The family's guests included the elite, royalty, heads of state, and Hollywood stars. It was also on a Vanderbillt estate in the South where the classic film "Gone with the Wind" was filmed.

According to Hjördis, "It was a fantastic experience for me to hear and see these people at such close range and to hear their sophisticated conversations at the dinner table. It was more than I ever could have wished for.

The challenge

In 1959, Hjördis left the family and, wanting to do something else with her life, decided to study physical therapy. This was no doubt her life's biggest challenge. The director of the school was not impressed by her four years of public schooling back in Finland and told Hjördis that she didn't have much going for her, and doubted she would pass the course. Hjördis responded that she wanted at least to try. But pass, she did, and she was offered a fulltime job at the large St.

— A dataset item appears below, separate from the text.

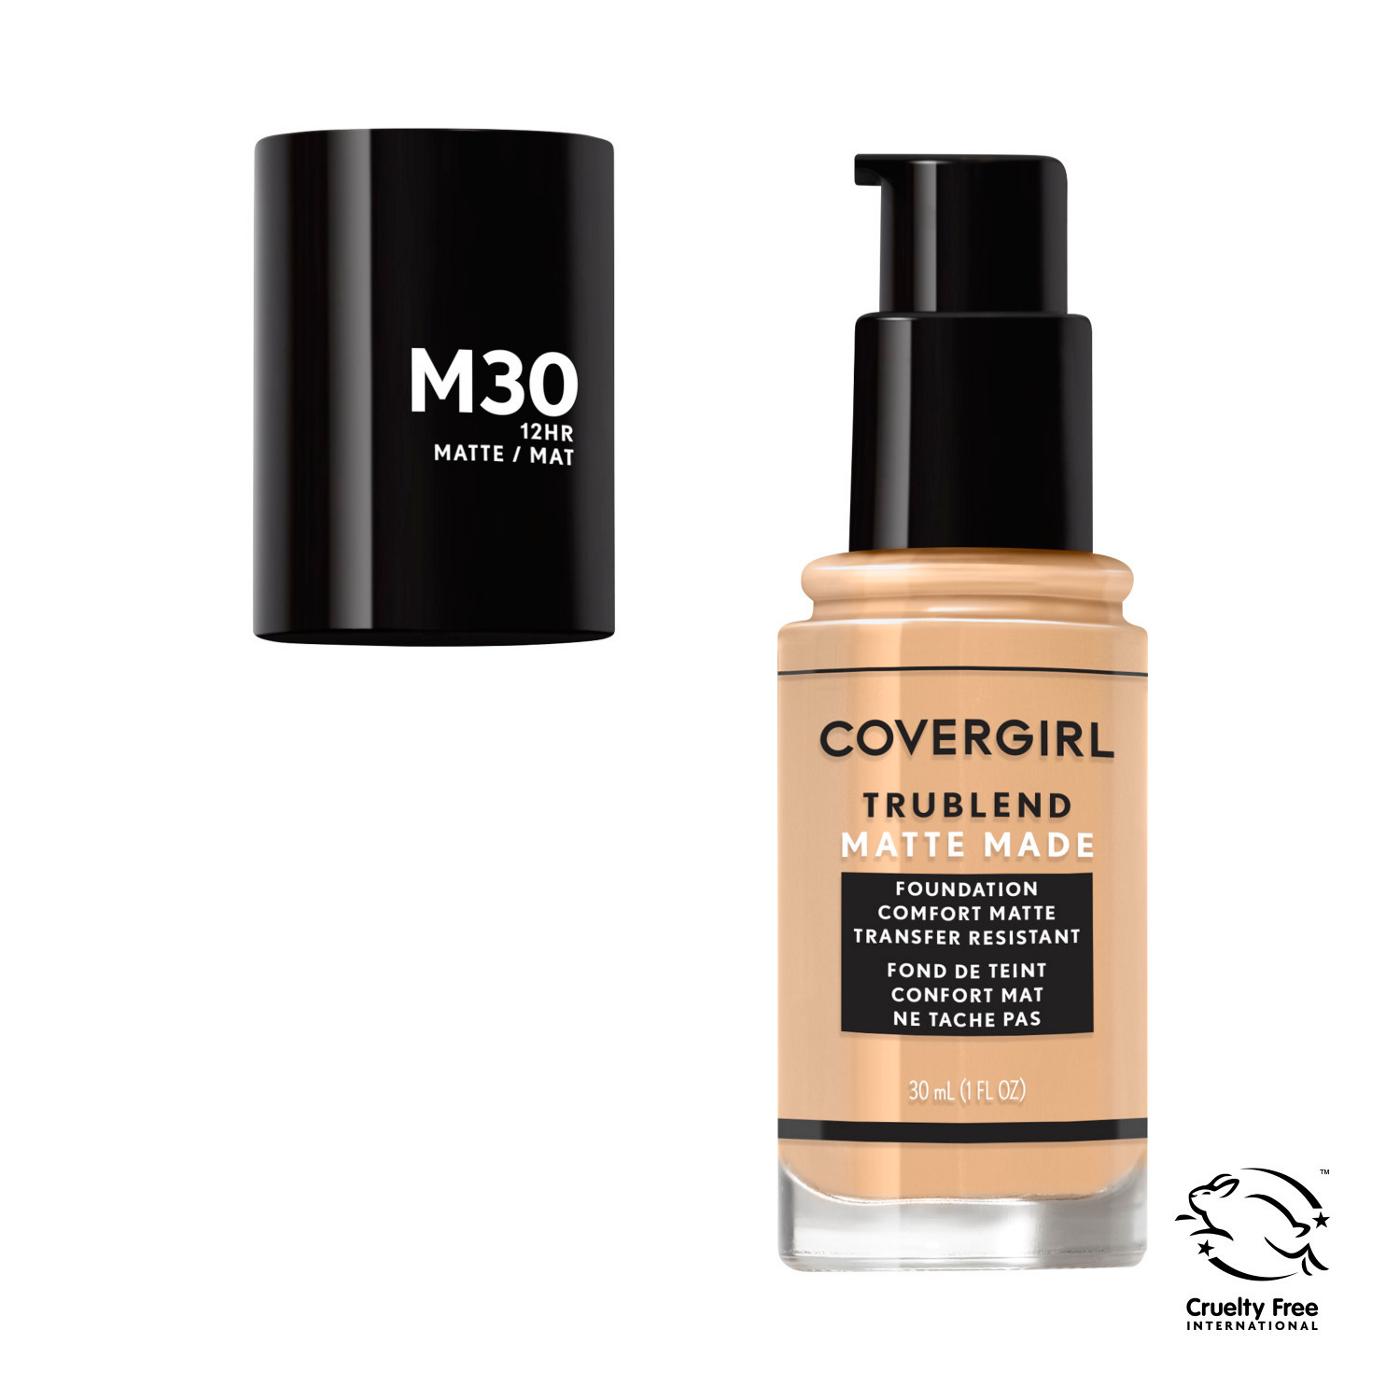 Covergirl TruBlend Matte Made Foundation M30 Honey; image 4 of 11

Lukas Hospital where she remained for the next 27 years. At the hospital she began a new and different life where she had to take full responsibility for treatments and reporting patients' progress to the chief physician. At the hospital, Hjördis came in contact with well-known people from around the world, including the dying Russian Premier, Alexander Kerenskij, who was once the leader of Russia. "To see this once-powerful man lying weak, helpless, and dying with two guards on duty outside his hospital door was unforgettable for me," says Hjördis.

Still going strong.

After her retirement in New York, good friends who had moved back to Åland suggested that Hjördis should do the same. "I had not planned to return to Åland after 50 years in New York. I had all my friends there, although I had a brother and a sister still living on Åland," she said. This was not an easy decision, but circumstances contributed to the final decision, and in June 1987, she moved back to her native Åland. She obtained her first driver’s license at the age of 67. "I realized that if I were to live on Åland I had to be able to drive a car." Hjördis lives a very active life helping out at the Emigrant Institute and also doing family research. She spends time off and on at her summer cottage in Föglö. "I have never been idle and I don't plan to start now." With that attitude, writing this book was no effort for her.